Exercise goal:
An exact copy of all the data, minus the images, is required.

Information provided:
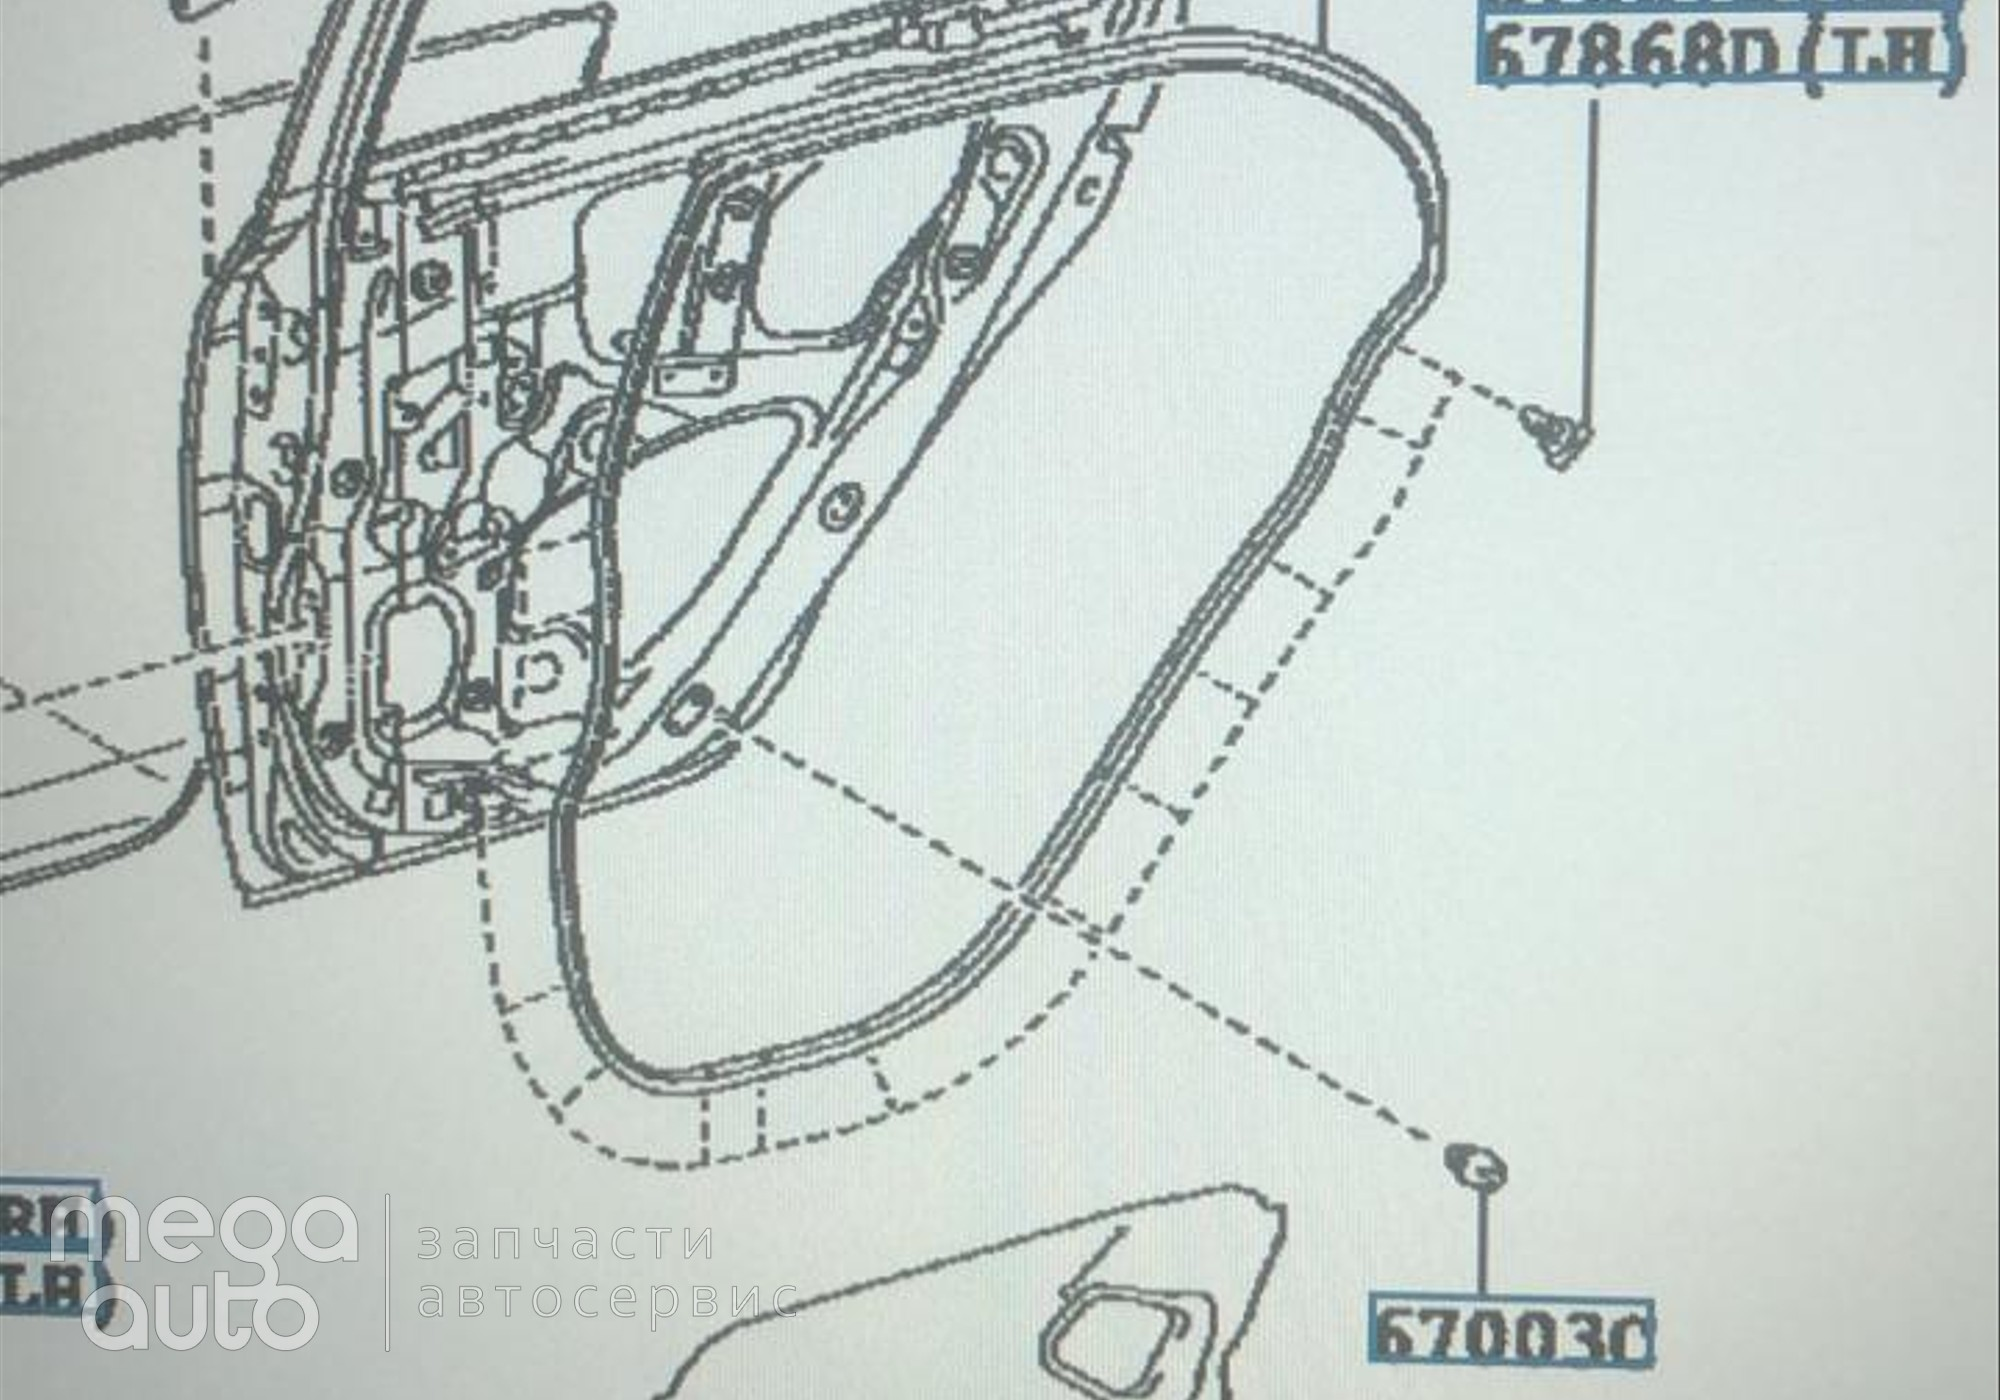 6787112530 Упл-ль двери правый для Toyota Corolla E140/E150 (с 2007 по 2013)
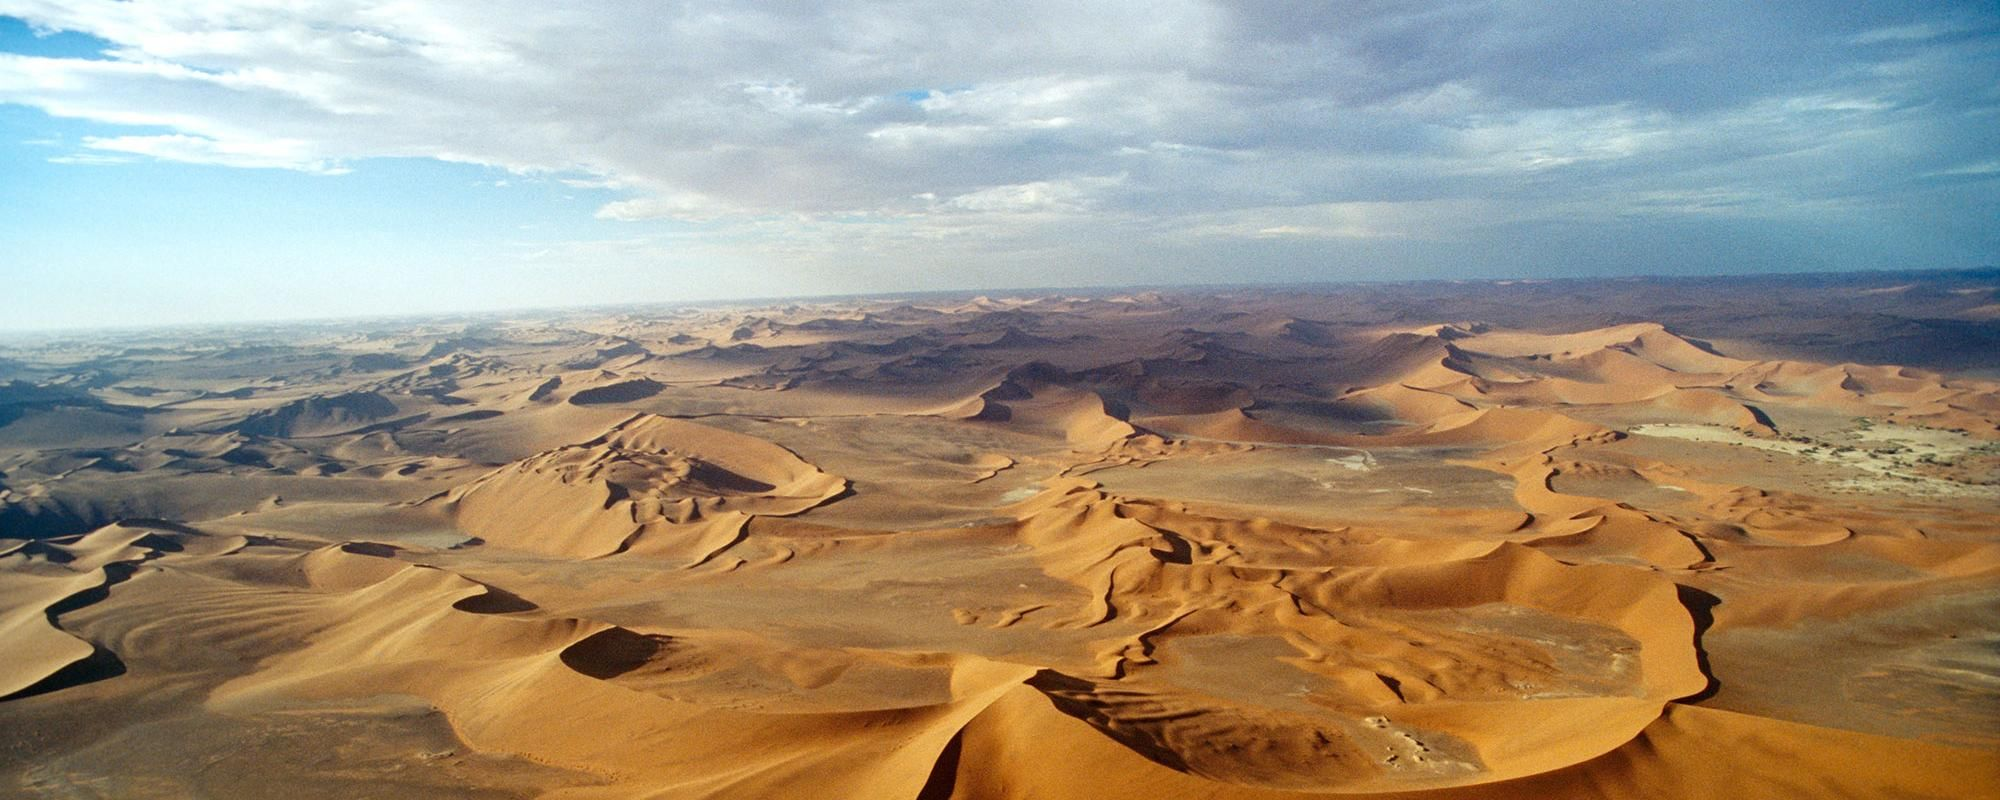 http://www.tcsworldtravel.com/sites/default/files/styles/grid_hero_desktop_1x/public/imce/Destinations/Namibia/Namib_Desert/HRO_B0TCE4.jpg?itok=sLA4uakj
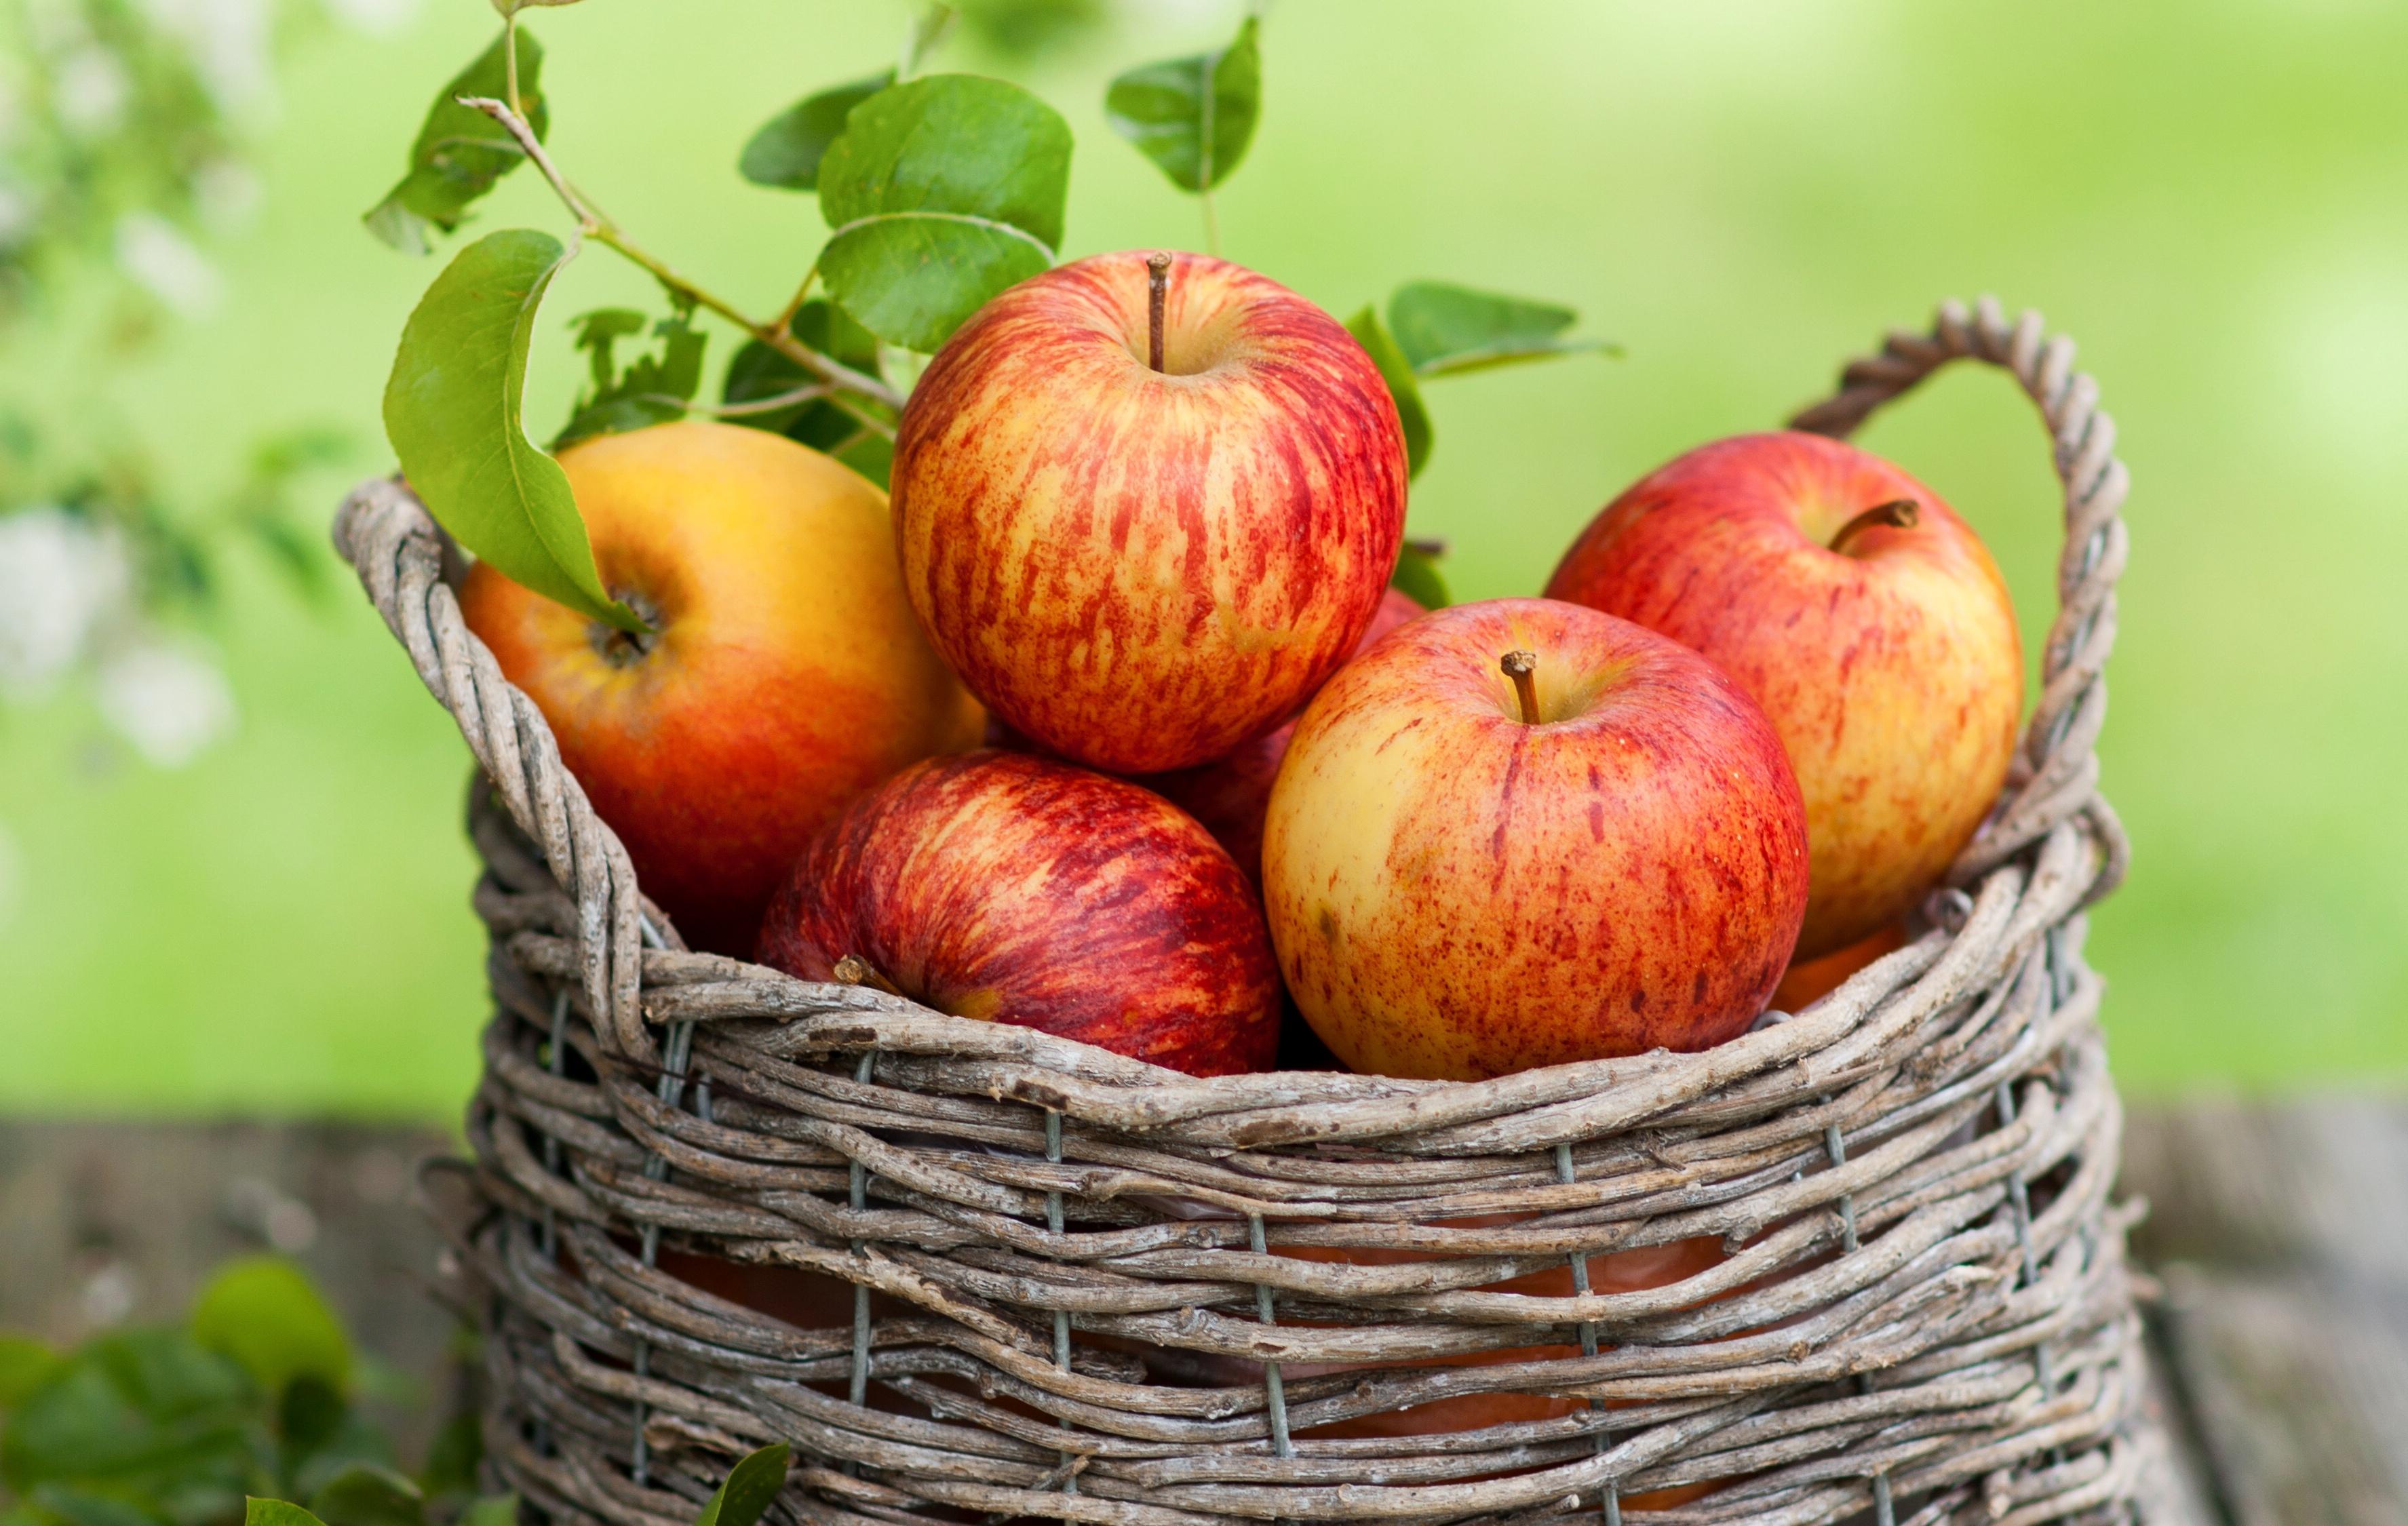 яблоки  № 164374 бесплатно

Response:
 6787112530 Упл-ль двери правый для Toyota Corolla E140/E150 (с 2007 по 2013)
 http://www.tcsworldtravel.com/sites/default/files/styles/grid_hero_desktop_1x/public/imce/Destinations/Namibia/Namib_Desert/HRO_B0TCE4.jpg?itok=sLA4uakj
 яблоки  № 164374 бесплатно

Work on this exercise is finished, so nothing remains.